– Итак, на чем мы остановились? – спросил Наконечник. – Мы остановились на том, что участковый уполномоченный – старшина милиции товарищ Богомолов – вызвал на душеспасительную беседу моего друга Юрия-ибн-Пантюшечку…
– 3-з-знаешь? – удивился Юрка.
– Я все знаю. Я даже знаю, что уважаемому свет-Пантюхе удалось отвертеться и не накапать на своего старшего друга. – Генка встал и торжественно протянул Юрке руку.
– 3-з-значит, порядок? – спросил Юрка.
– Пока порядок, – сказал Наконечник, – но мне кажется, что это весьма неустойчивый порядок. И поэтому я усиленно думаю: а не принять ли мне ценное предложение моего родственничка?
– Н-ну и правильно, – опять сказал Юрка.
– Это решение надо отметить, – сказал Наконечник и полез под раскладушку, – тем более, что я вижу: друг моего друга, – он кивнул в мою сторону, – находится в растрепанных чувствах.

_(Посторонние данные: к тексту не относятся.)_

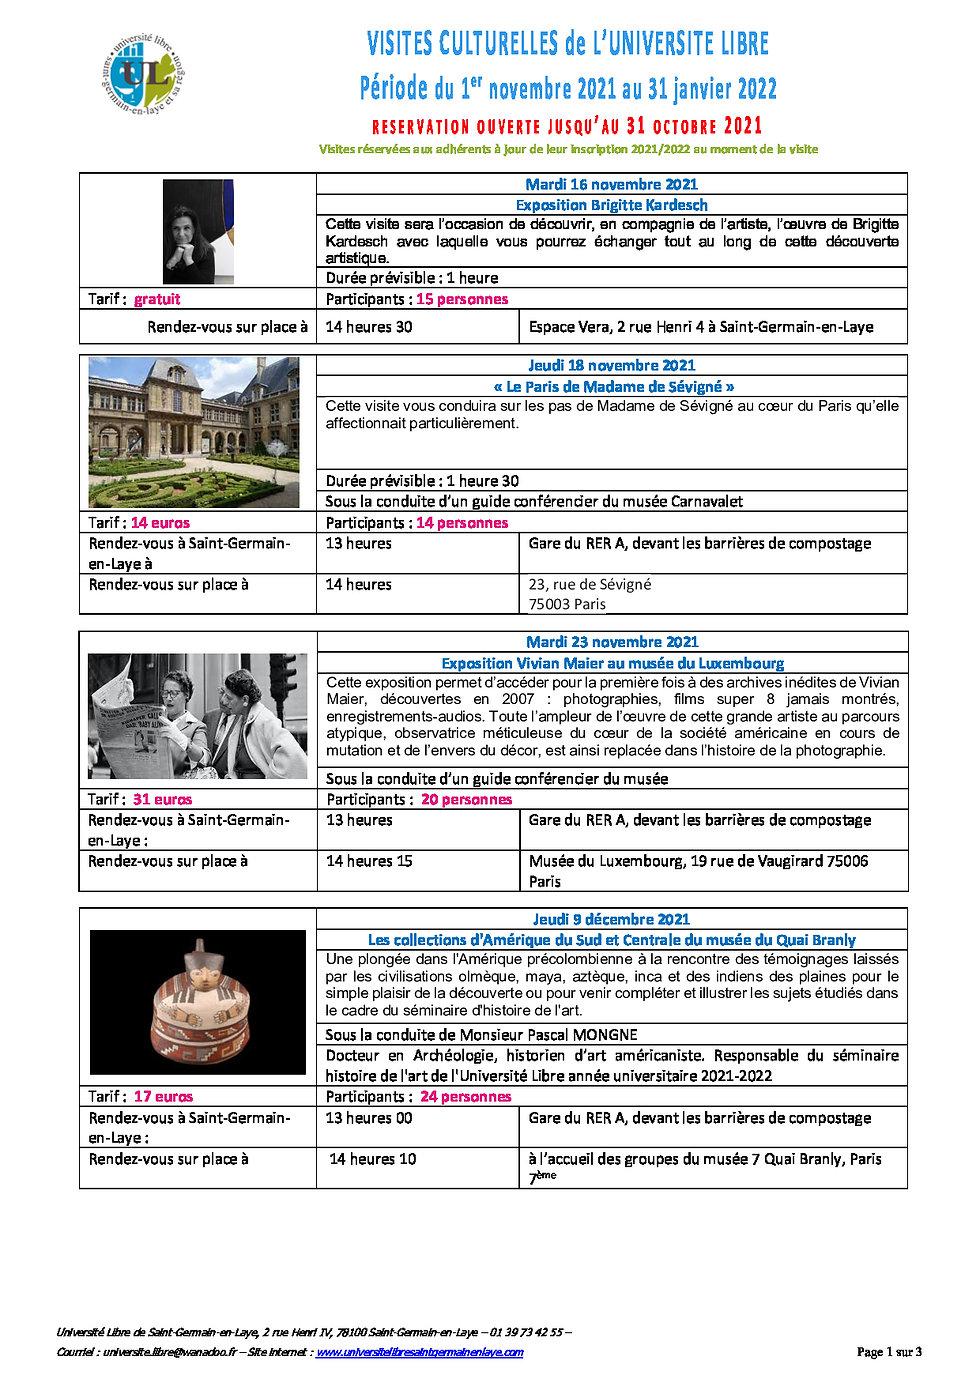 01 fiche présentation visites culturelles nov 21 à janv 22 (1)_01.jpg

Из-под раскладушки он достал какую-то бутылку с пестрой наклейкой.
– В винных погребах маркиза де… де… черт с ним, нашлась бутылка отличного старого плодовыгодного выделки тысяча девятьсот… э-нного года, – сказал он и поставил бутылку на подоконник.
До сих пор мне все это было забавно, но тут я маленько струхнул. Я вспомнил, как, когда мне было восемь лет, я напился до чертиков. У нас были гости, и, когда батя с мамой вышли в переднюю проводить их, я подкрался к столу и вылил в стакан остатки водки. Оказалось почти полстакана, я одним духом выпил и, задыхаясь, помчался к себе в комнату. Что потом со мной творилось – трудно описать. И до чего же мерзко было мне потом, когда хмель вышел! С тех пор я ни разу не пробовал пить, даже если иногда при гостях мне предлагали рюмочку разбавленного водой вина. Нет уж, увольте, подумал я, пить я не стану. И, конечно же, выпил. Ужасно слабовольный я человек, – даже уговаривать меня не пришлось, так, поломался для приличия и выпил почти целый стакан этого «плодовыгодного». Ну и дрянь же! К счастью, Генка мне больше не предлагал, а Пантюха выпил совсем немного.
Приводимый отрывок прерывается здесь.